**SUPPLIED DATA**
◇ ◇ ◇ ◇ ◇ ◇ ◇
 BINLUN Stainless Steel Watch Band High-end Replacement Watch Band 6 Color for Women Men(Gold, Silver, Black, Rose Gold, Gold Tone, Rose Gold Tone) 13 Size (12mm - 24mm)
◇ ◇ ◇ ◇ ◇ ◇ ◇
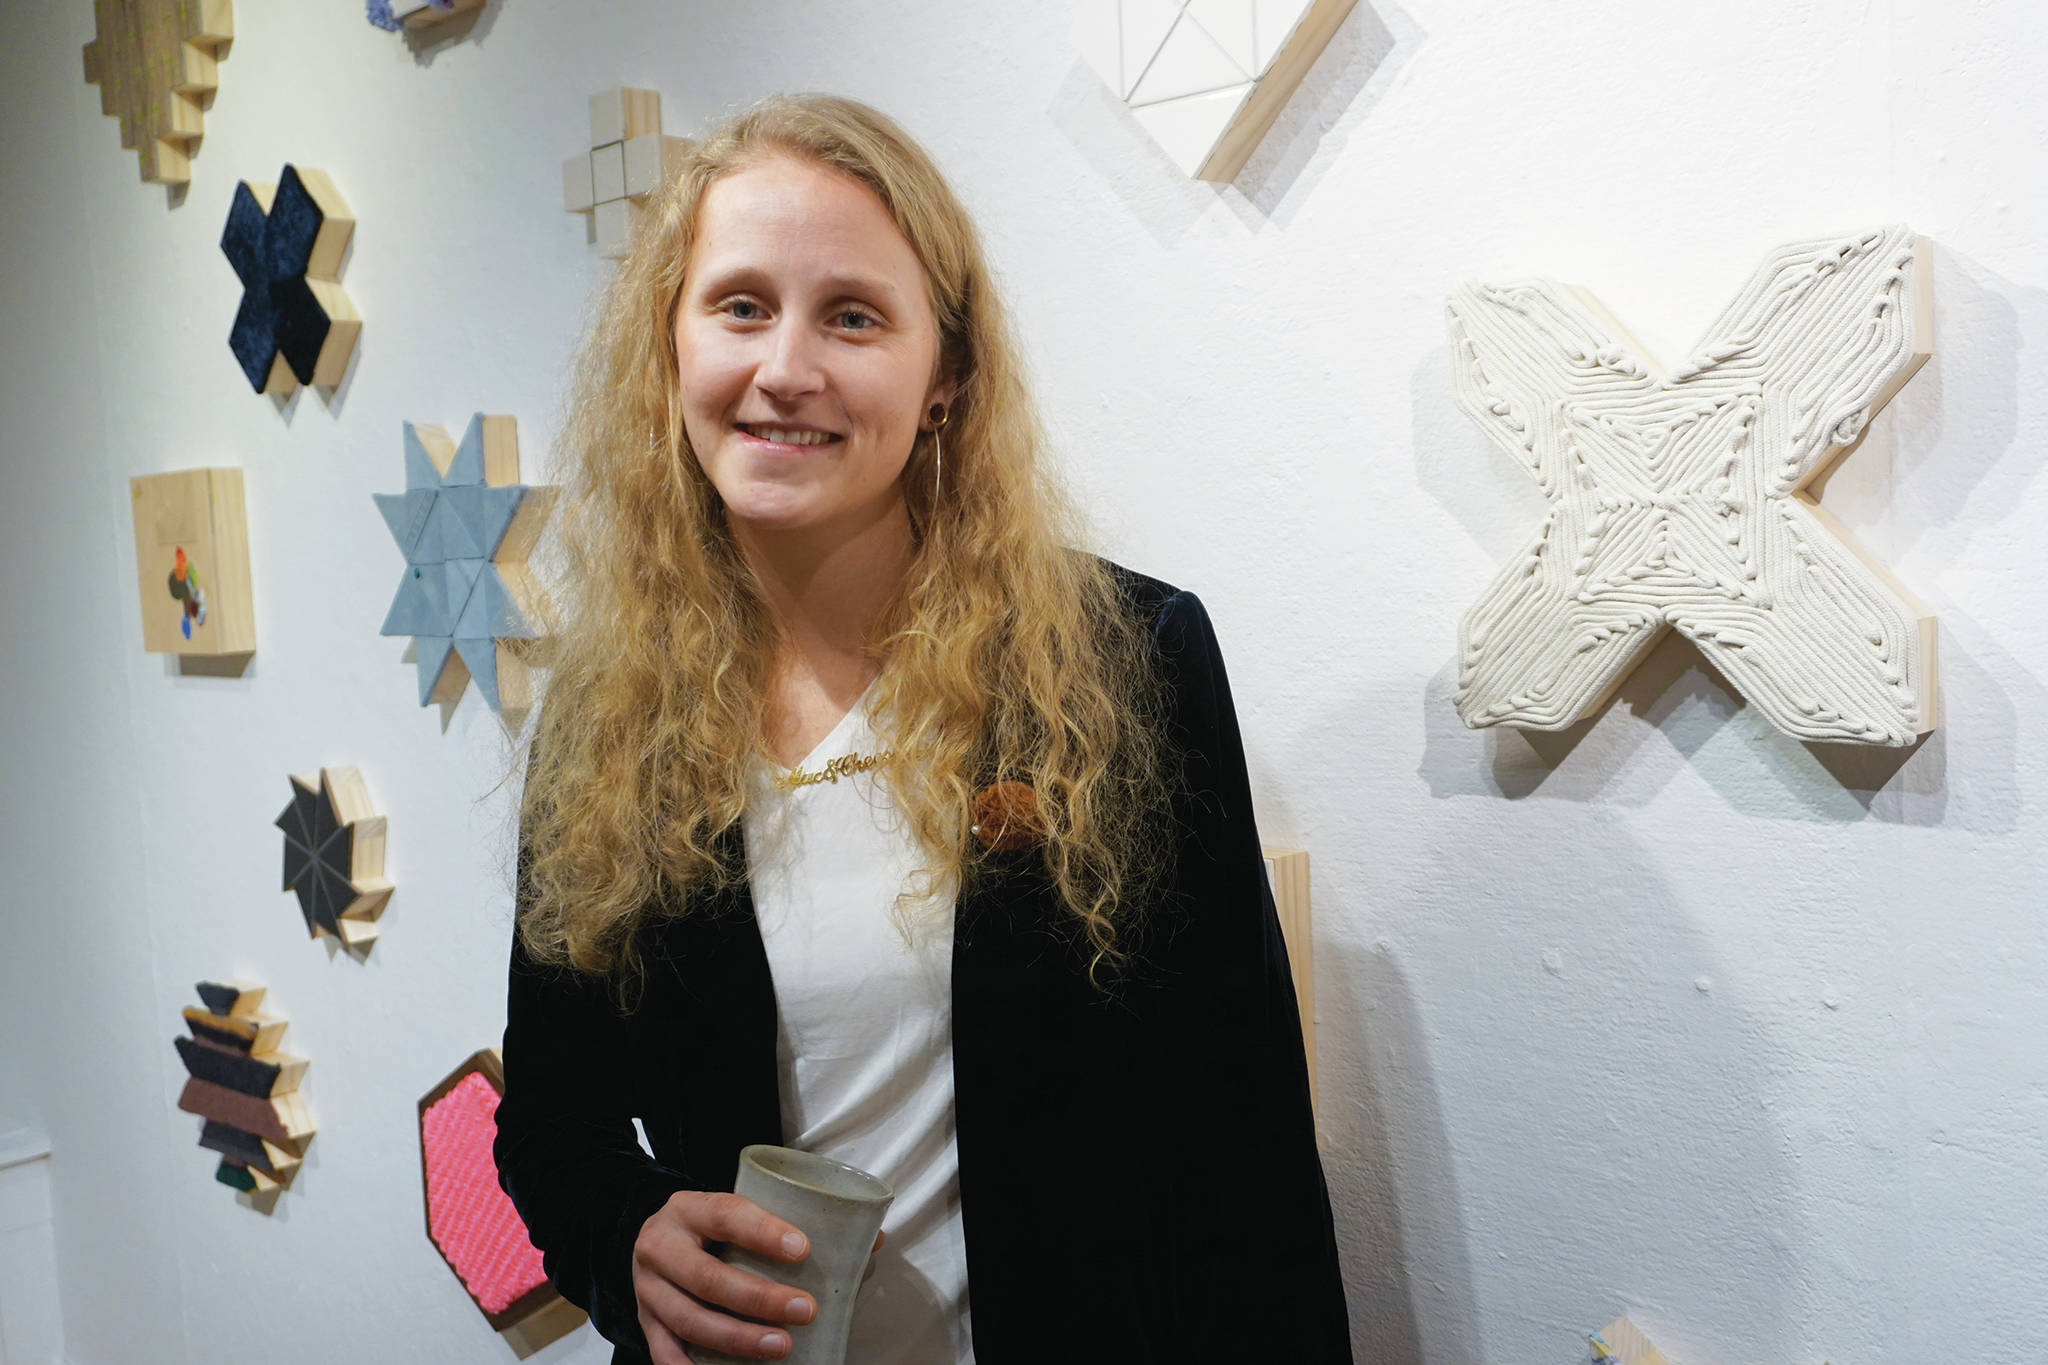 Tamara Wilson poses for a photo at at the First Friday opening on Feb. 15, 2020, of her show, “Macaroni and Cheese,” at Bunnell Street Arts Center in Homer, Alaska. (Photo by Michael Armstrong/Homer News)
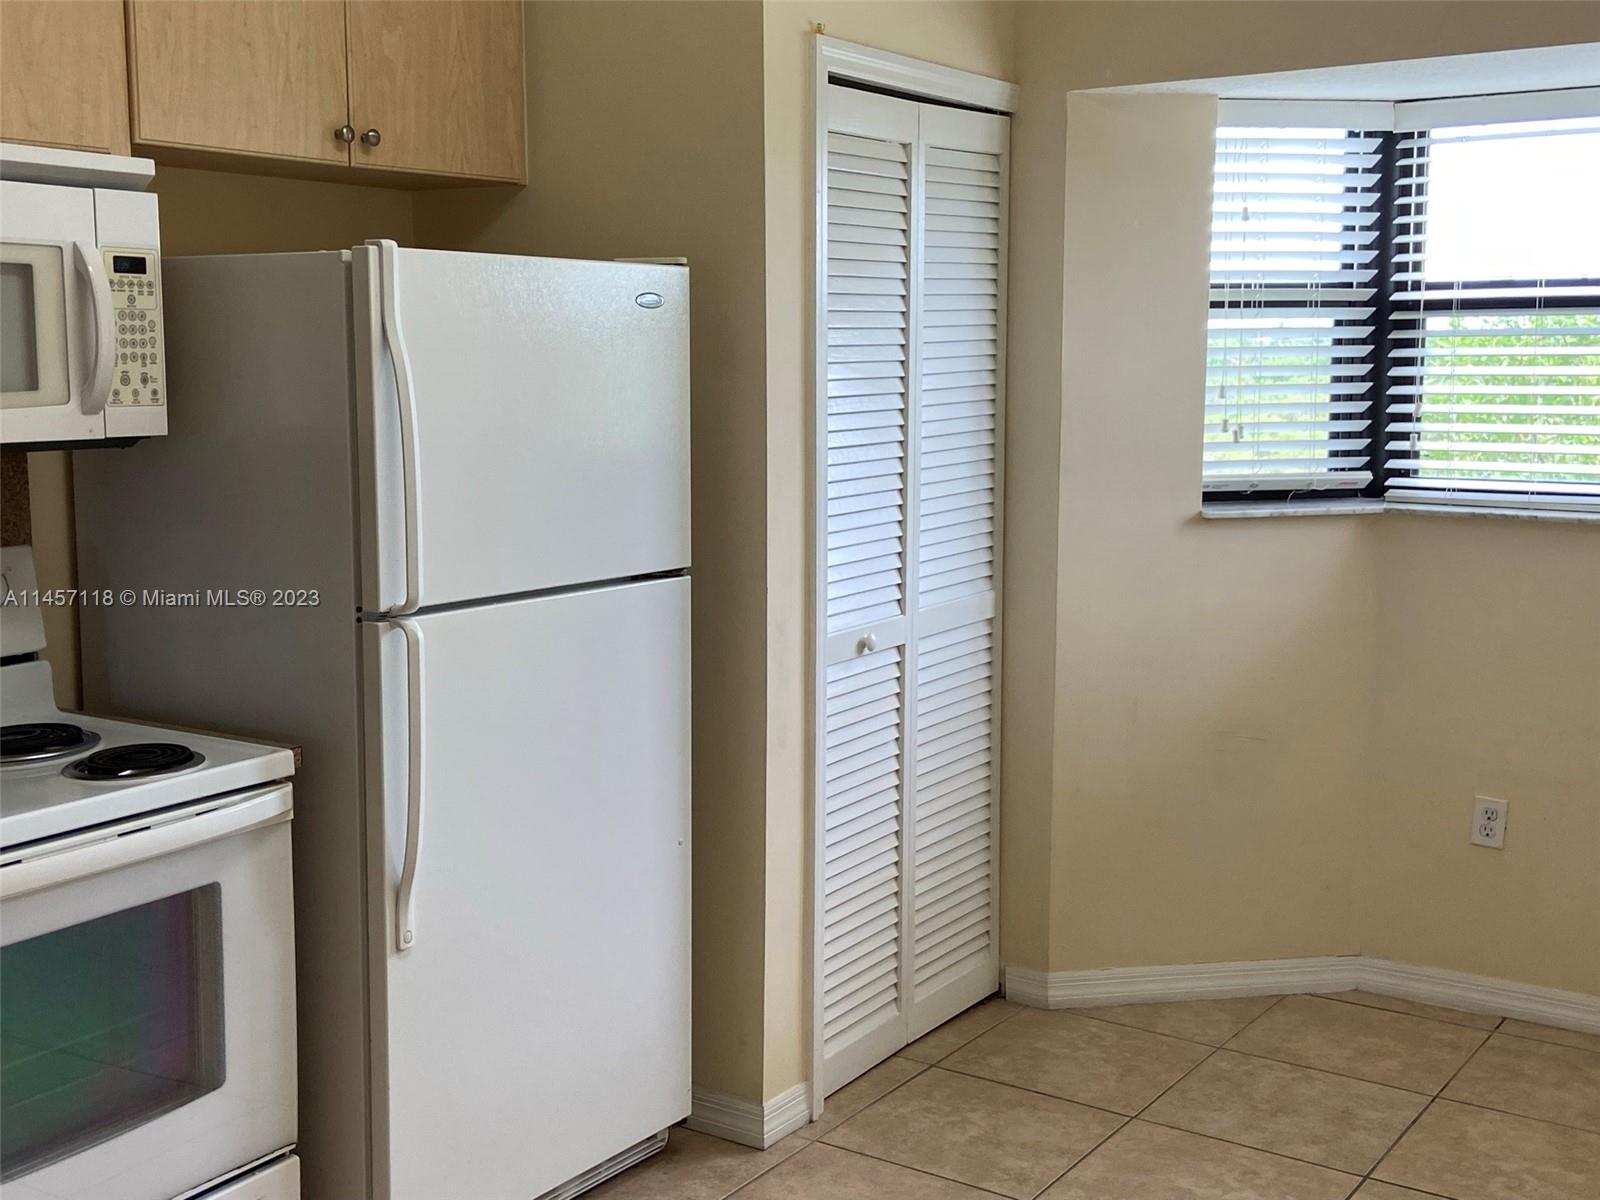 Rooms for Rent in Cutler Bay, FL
◇ ◇ ◇ ◇ ◇ ◇ ◇
**TASK TO COMPLETE**
Every line from the one with "Tamara Wilson poses" through the one with "Rooms for Rent in Cutler Bay, FL" is to be reproduced exactly as written above, and the pictures are to be dropped.

**RESPONSE BOX**
 Tamara Wilson poses for a photo at at the First Friday opening on Feb. 15, 2020, of her show, “Macaroni and Cheese,” at Bunnell Street Arts Center in Homer, Alaska. (Photo by Michael Armstrong/Homer News)
 Rooms for Rent in Cutler Bay, FL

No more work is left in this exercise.